Elba pensou rápido e ligou para o concierge e explicou a sua situação — ele teria que dar um jeito, pensou, pois se tratava do grande João Gilberto.

O pobre do homem deu lá o seu jeito e mandou entregar o bendito do baralho (na verdade dois, de cores diferentes, segundo fontes) no quarto da Elba Ramalho (até rimou), que retornou a ligação para João Gilberto (ainda extasiada) mas, com a missão cumprida:

— olha João, por acaso eu tenho um baralho na mala… um, não… dois… [risos]

— você poderia trazê-los aqui para mim, querida?

— claro, João… será um prazer.

E lá subiu Elba, toda feliz e serelepe, para a suite presidencial… já pensando na melhor forma de deixar João ganhar (seja lá o que fossem jogar), sem ofendê-lo.

Elba toca a campainha do quarto da estrela maior da música brasileira:

— Elba é você? — diz ele, sem abrir a porta

— sim, João… trouxe o seu baralho.

— ah, obrigado, querida — diz ele

[Paula intelectual]

— você poderia passá-los por debaixo da porta, por favor, querida?

Pois é?

É disso que eu estou falando…

…quem o autorizou João Gilberto a ser (tão) João Gilberto, assim… de repente?

Essa petulância (despretensiosa) tão característica de João Gilberto (a lenda) é a que eu mais gosto neste personagem mítico da música brasileira.

Eu fico pensando como ele, com seu refinamento, passa os seus dias… alimentando o seu ouvido absoluto, suas imagens musicais de abstração e silêncio.

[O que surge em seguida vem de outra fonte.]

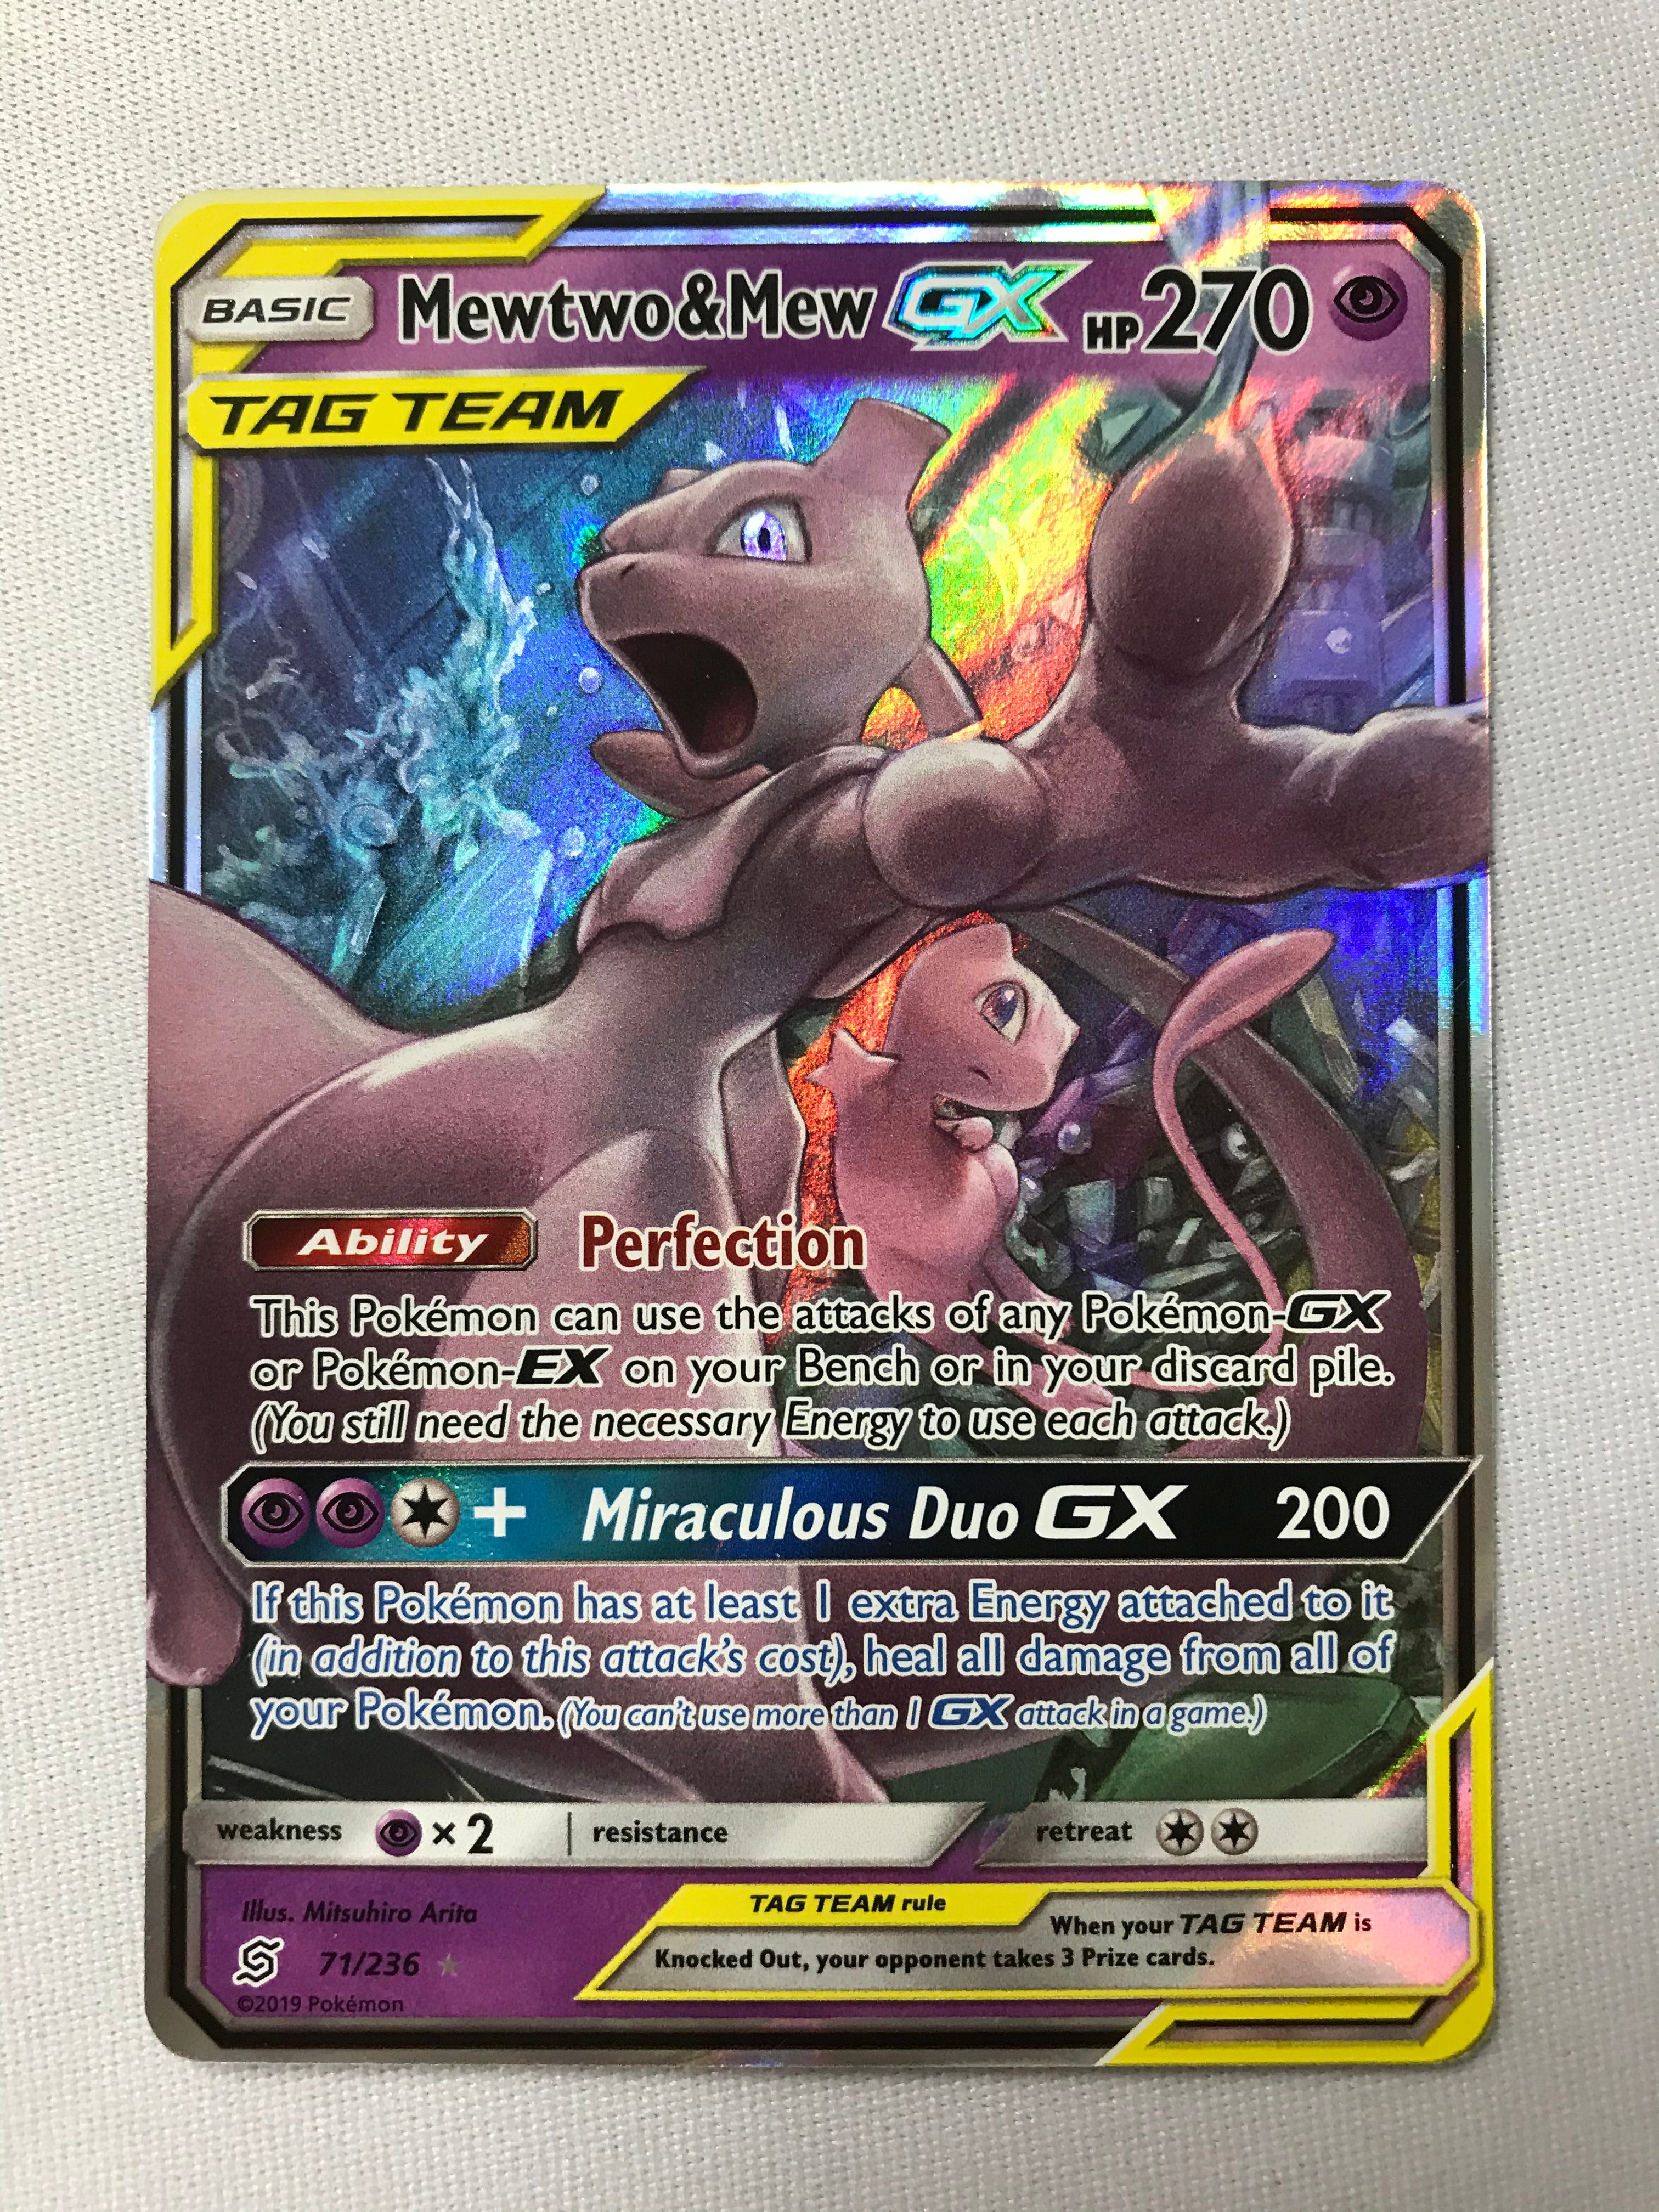 Check the actual price of your Mewtwo & Mew-GX 222/236 Pokemon card

Será que a imagem verdadeira de João Gilberto é a que o Paulo Cesar Araújo nos revela em O Réu e o Rei (o fofo), ou essa da Elba Ramalho (o sádico)?

Eu prefiro a imagem da Elba, mas não importa.

Feliz aniversário, João Gilberto!

Parabéns pelos seus oitenta e cinco anos de histórias.

Parabéns, também, por ser quem você é e compartilhar com a gente a sua genialidade.

Seja lá na versão “fofa” ou na versão Elba.